Таким образом, следует воздержаться от чересчур упрощенного восприятия сюрреализма как ниспровергательства (это представление обыгрывает Пьер де Массо в своей книге памяти Бретона: Бретон-осениспровергатель) — этакого «чистого» движения, лишенного всякой жалости к тому, что оно отвергает. Но упрощением является и нередкое в критике 60-х годов изображение сюрреалистической группы сборищем упрямых, чуть ли не выживших из ума идеалистов, готовых принять на ура любые нарушения всего на свете, — или, со слов тоскующих по вольности Дада, горделивой цитаделью авторитарной морали с первосвященником Бретоном во главе. С точки зрения одних, маргиналы сюрреализма (для них, как, впрочем, и для меня, это слово лишено какого-либо уничижительного оттенка), или, как их иногда называют, «попутчики» — Жорж Батай или Антонен Арто, должны занять подобающее им место в сердце того великого приключения, каким была история авангарда, приключения, которое они прожили с куда большим революционным пылом. Для других, бретоновское лицемерие должно быть наконец развенчано, а зерна истины отделены от плевел фальшивого позерства. Критическая дистанция позволяет нам сегодня сопоставить эти устремления друг с другом, не обязательно отдавая кому-либо предпочтение, и прочертить линии внутренних и внешних разделений в группе Бретона, вдумчиво прослеживая возможные различия, но не пытаясь втиснуть их в рамки заранее заданных схем.

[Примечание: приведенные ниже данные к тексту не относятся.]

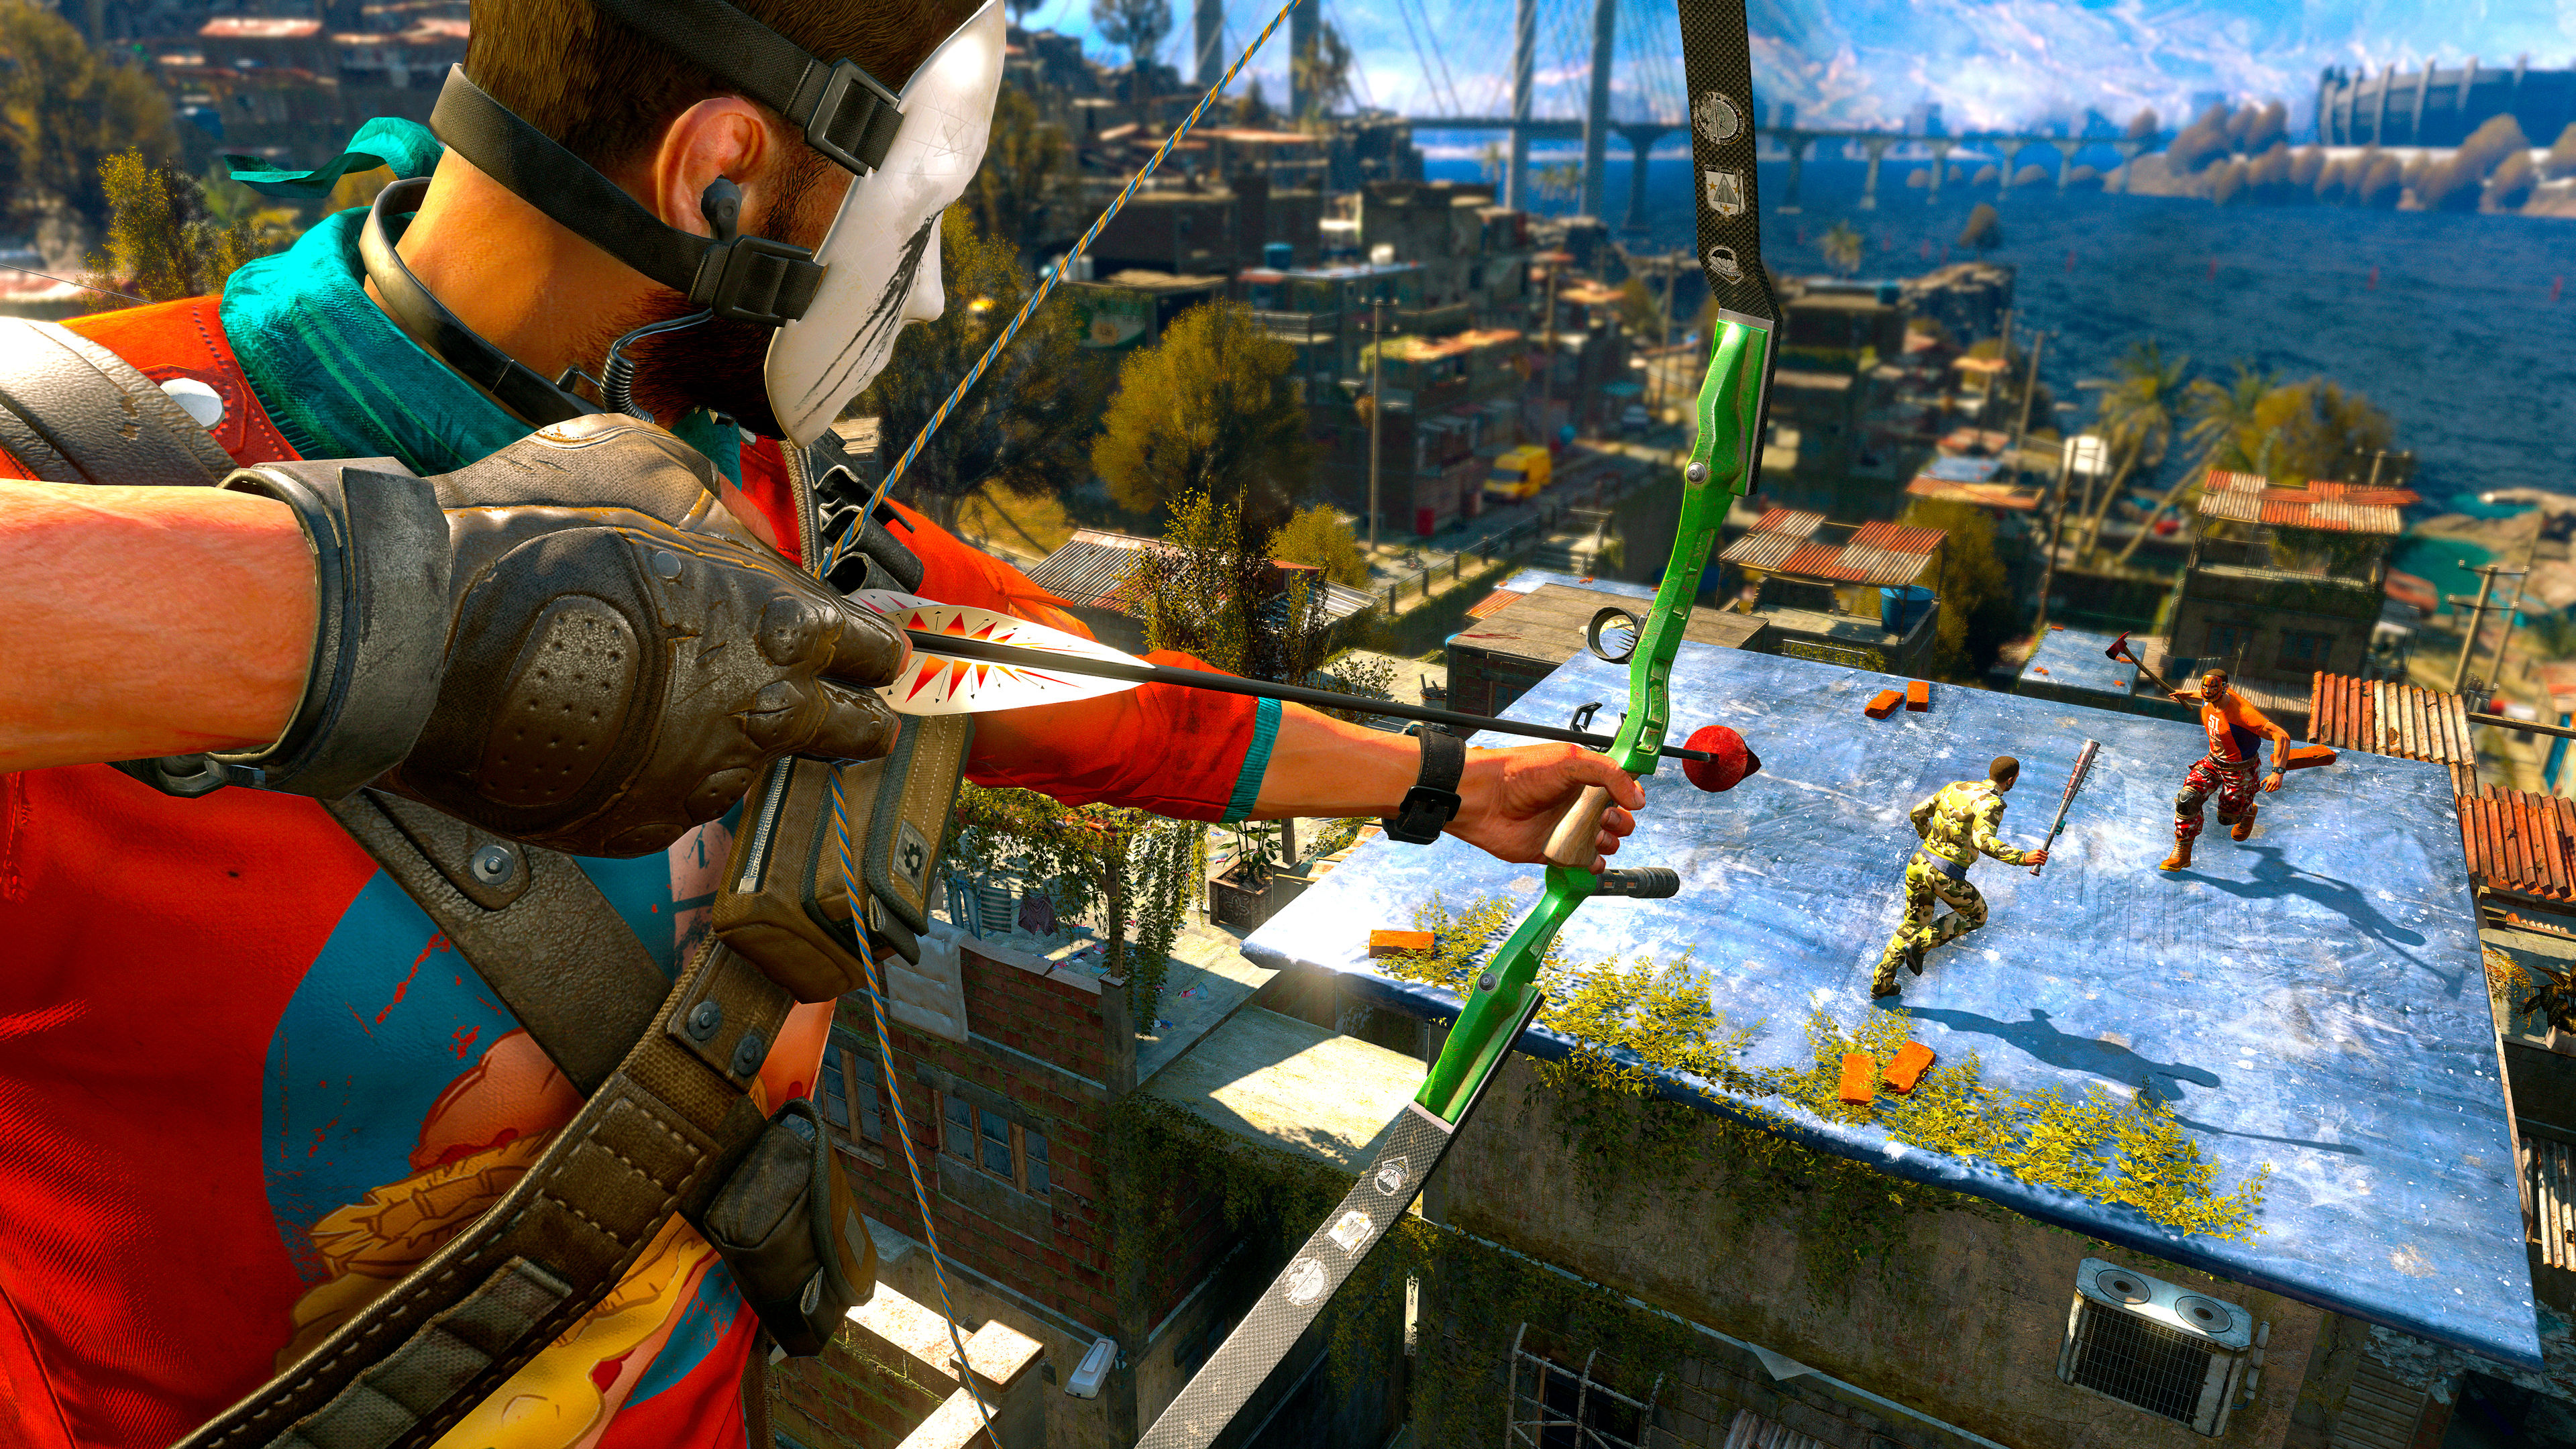 44449343761 5b284b189e o - Dying Light 2 & Dying Light Bad Blood: Mehr Zombie-Spaß im Multiplayer

В глазах самих сюрреалистов, их движение неизменно отсылало как бы за пределы их собственного опыта, так что, с одной стороны, они оказывались рядом с великими предшественниками, а с другой — следовали некоему общему замыслу, который шире отдельных достижений каждого. Все свидетельствует о том, что существует определенная сюрреалистическая идея, дух сюрреализма, требования которого непреложны. И внешне загадочная фраза: «Что же до системы, по которой я пытаюсь жить, к которой постепенно привыкаю, — сюрреализма.,.»13, и категоричная формула: «Даже если не останется никого из тех, кто первым связал с сюрреализмом свою надежду что-либо значить в этом мире и свою страсть к истине, сюрреализм пребудет и тогда»14, и каламбур из 12-го номера «Сюрреалистической революции»: «Тысячелетие сюрреализма (929 г., смерть Карла Простоватого)»15, — все выдает стремление сюрреализма соответствовать некоему внутреннему голосу, фундаментальную значимость которого следует постоянно раскрывать и уточнять, все ярче очерчивать средствами языка, испытывать реальным действием.